My basic view is “as long as large companies, their founders and workers come up with innovation and great products that are good for us all then they deserve to have the “leveraged” net worth and assets. We are not perfect no but the US is a lot better at this than most of the world.
And a great example of all of this is say you have a lower income person today go back in time 30 years and visit the richest person in the world. The richest! The lower income “person from the future” shows the richest person their cell phone and casually explains what it can do (pretend they brought 5G with them Lol). The richest person would be shocked and more shocked to hear they are no big deal and pretty much everyone has one. That’s innovation that benefits all.
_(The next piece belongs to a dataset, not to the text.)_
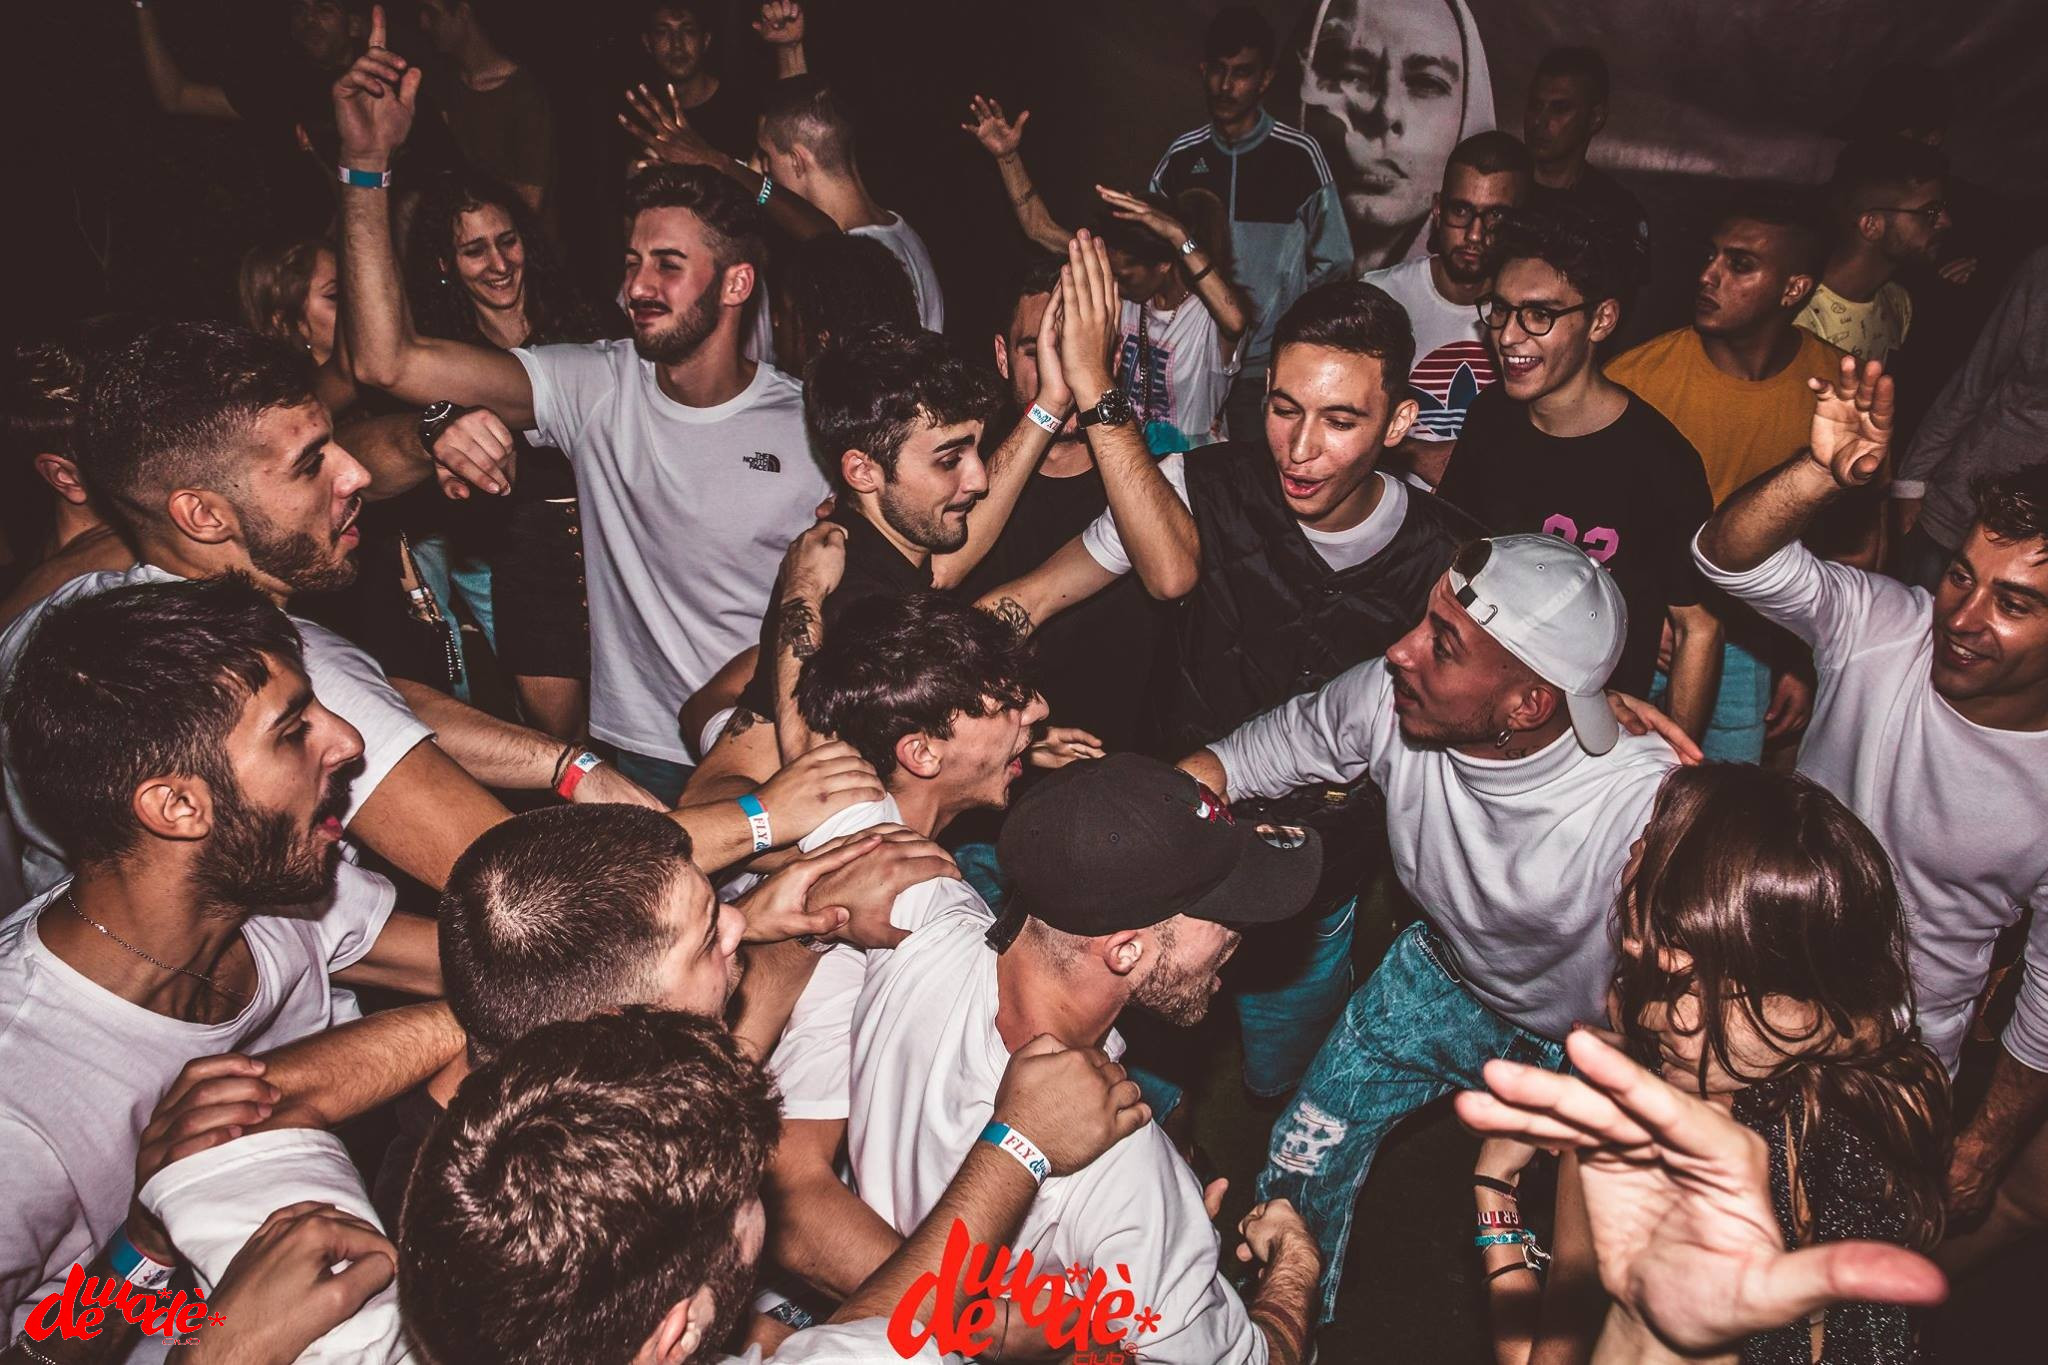 EIFFEL 65 & Red Light Circus @Demode' Club - 06/10/2018
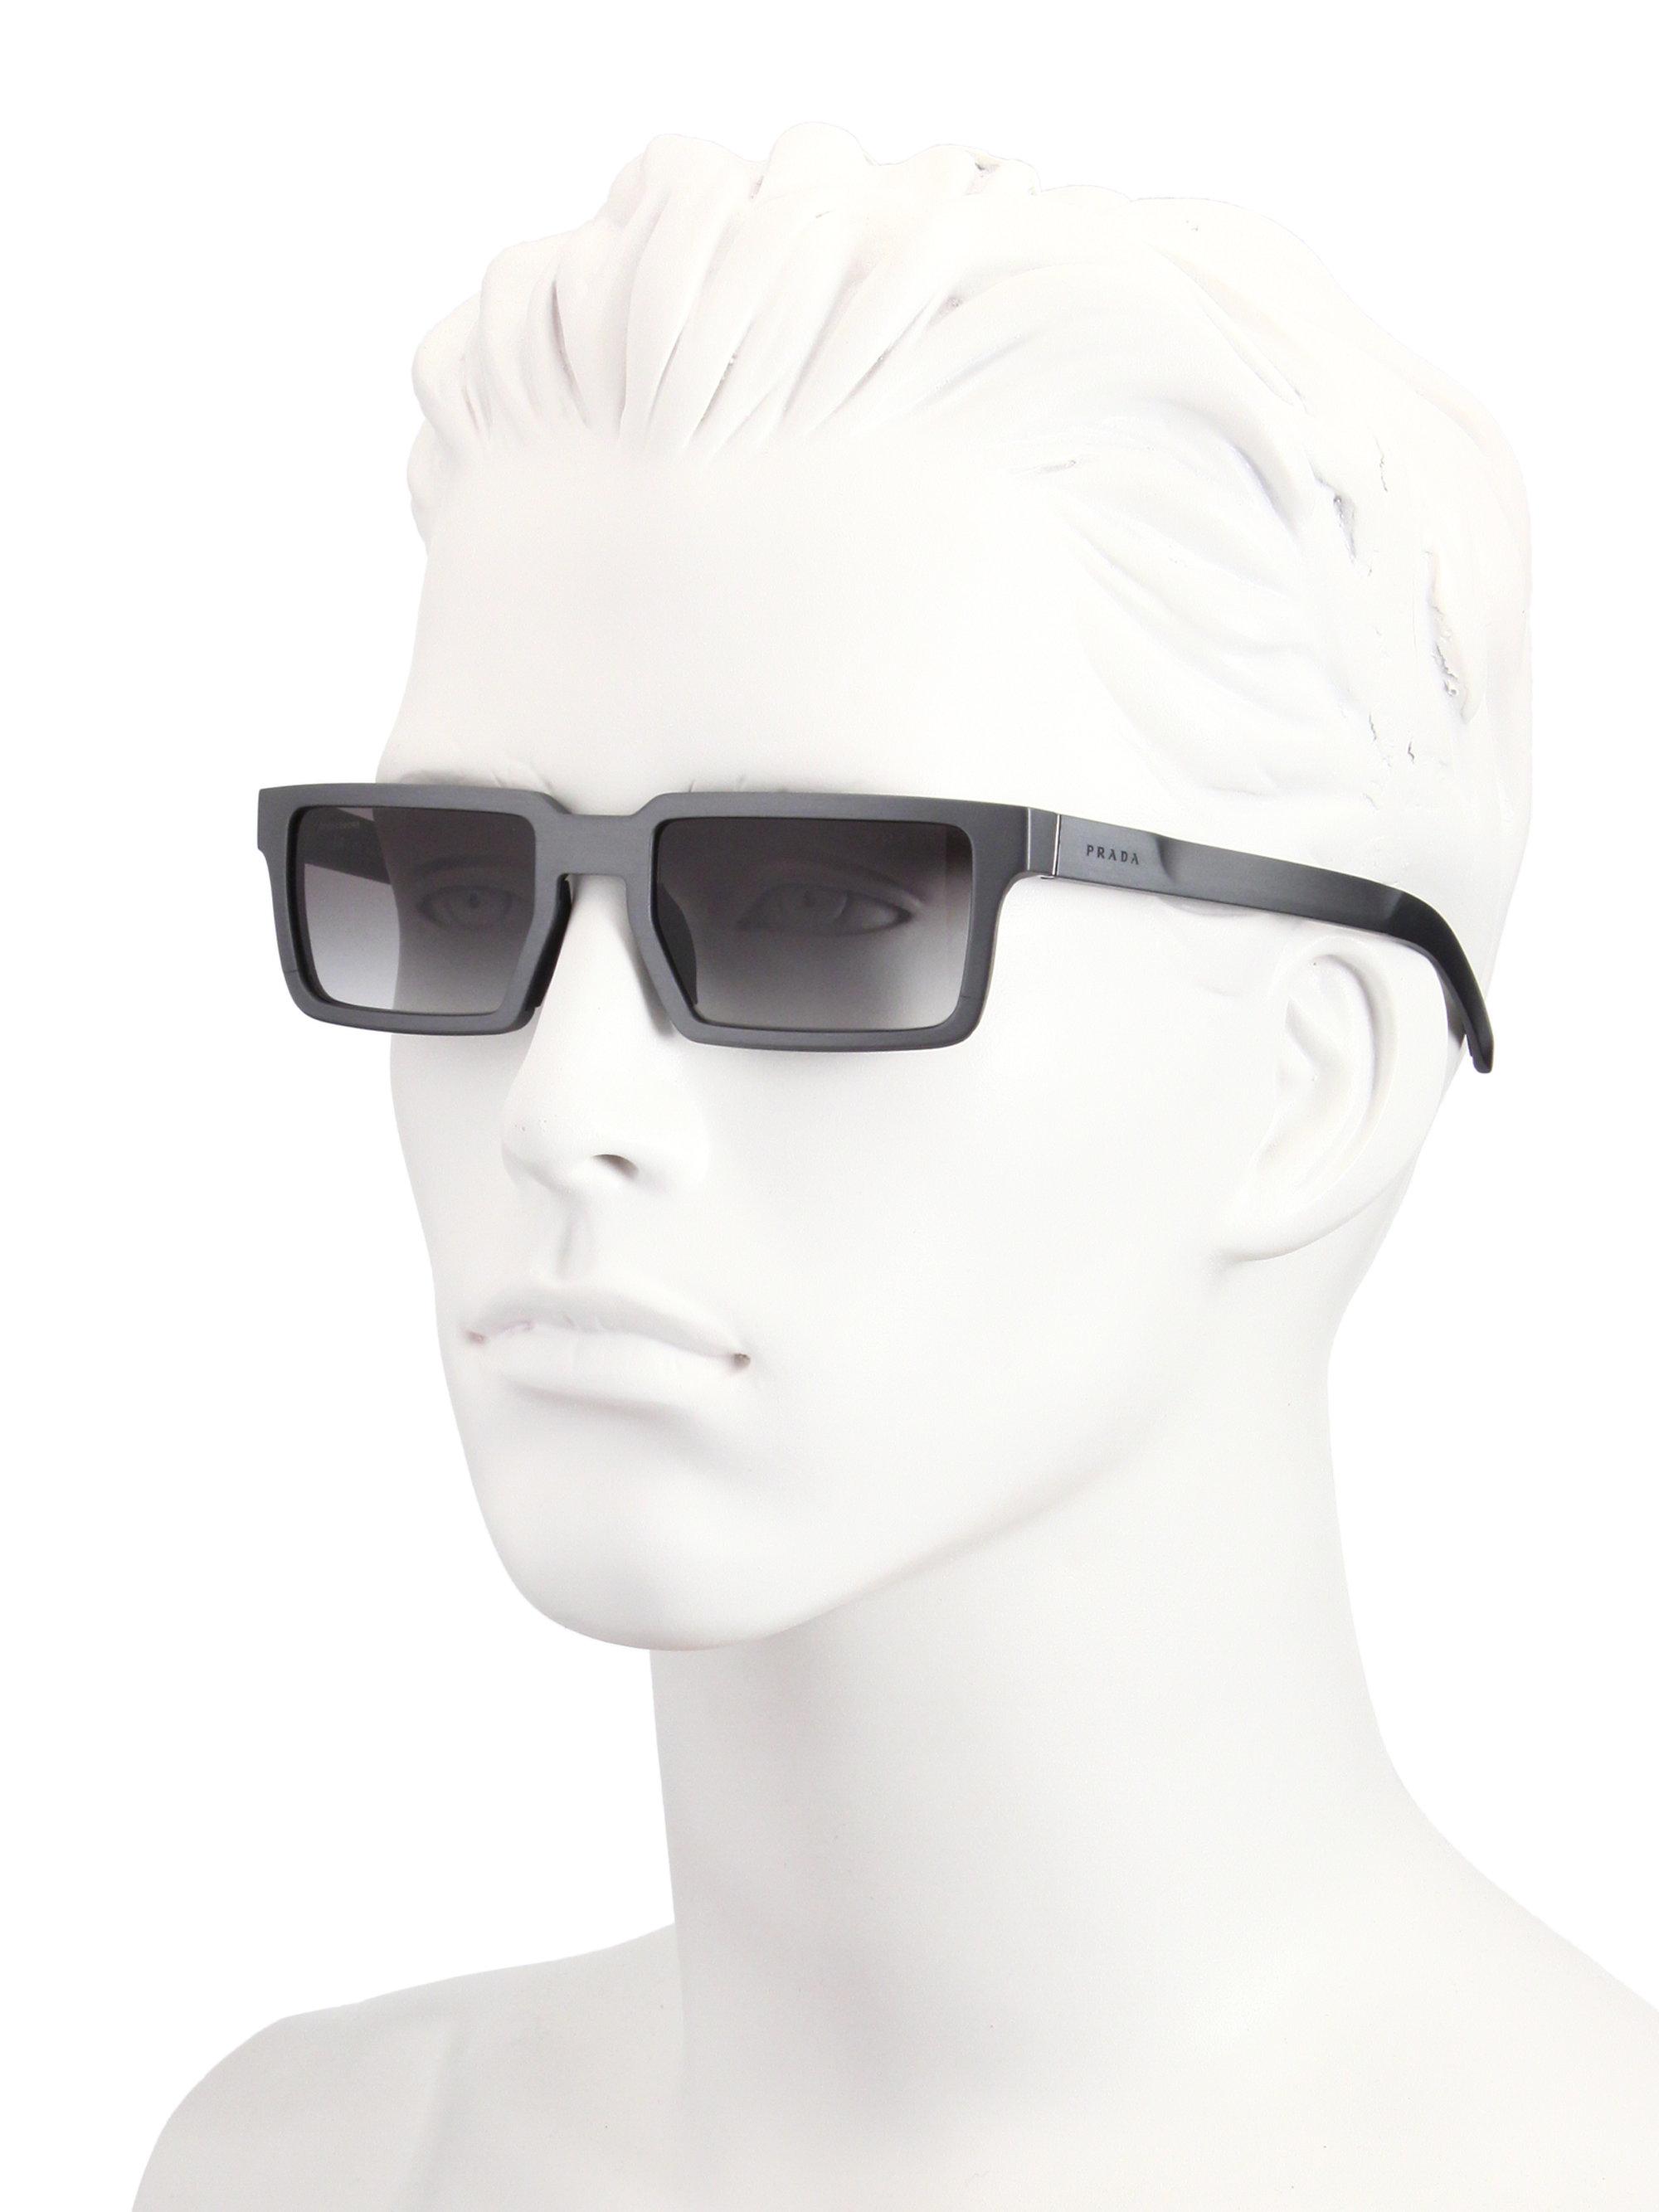 7f506e66946 ... discount code for lyst prada 51mm rectangle aluminum sunglasses in gray  for men 65ecf 6c5c0

Perhaps it’s a trade off - the wealthy get wealthier and lower lag but have better lives due to better products and innovation and they can even be at lower prices than the past. We don’t pay $1 long distance like 40 years ago. In many ways we all live better than the richest people 20 or 30 years ago whatever income bracket we are in. This is good.
Its complex. I just scratched the surface, may not have explained this well and may not be right. Still learning and have it a shot.
So many other side topics on Deficits and the flow of money.
Hope this made you think and not bored you too much.